I did not grow up speaking English. I met it in a classroom, where words were structured and measured, but to me, they felt alive. While others were learning rules, I was discovering rhythm. The way a sentence could hold emotion. The way a single word could shift everything.
As a child, I wrote constantly. Small stories, loosely bound, often wandering into the eerie. I was drawn to what lingered. Stories that stayed with you longer than they should. Even then, I carried a quiet intention to publish one day. Not as a dream, but as something inevitable.
College brought me back to that instinct. One of my first classes reintroduced language in a way that felt both familiar and unfinished. It was not just about writing correctly. It was about expression, again. That was when I created my first blog, a space under my own name. It was raw, evolving, and entirely mine.
For a while, it lived.
And then, like many things, it faded.
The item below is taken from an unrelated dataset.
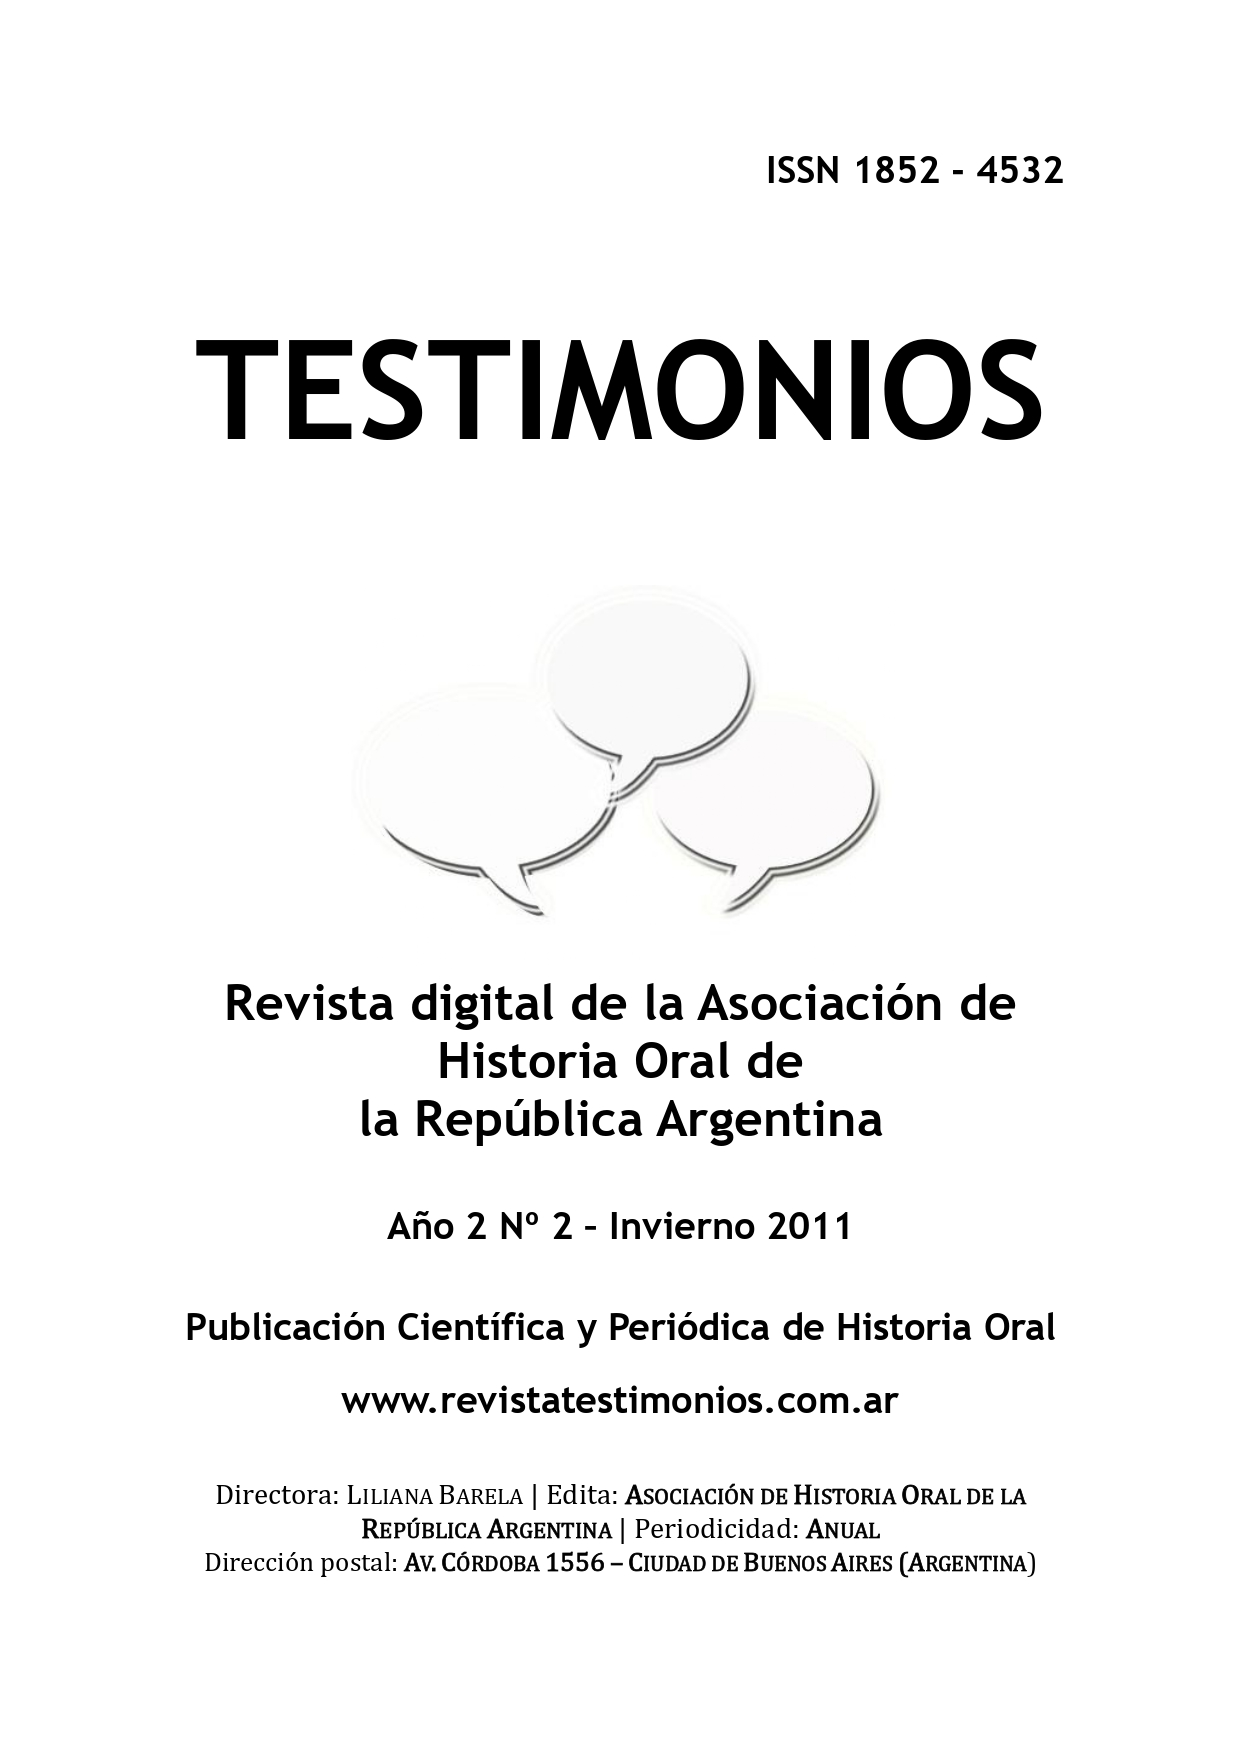 Ver Núm. 2 (2011): TESTIMONIOS Nº2

Not out of disinterest, but distraction. Life moved, and I moved with it. Writing became something I postponed rather than pursued. Still, the idea of returning never left. It waited, quietly.
Fashion school changed the tone of everything.
In studying fashion journalism, I began to understand writing with intention. Not just instinct, but discipline. Not just emotion, but structure. There was a clarity to it that reshaped the way I approached every sentence.
When I created Abad Atelier, it became more than a brand. It became a space for everything I had yet to finish. Including my voice.
Now, writing feels different. More deliberate. More refined. What once felt like scattered expression now feels like direction.
I am no longer writing just to write.
I am writing with purpose.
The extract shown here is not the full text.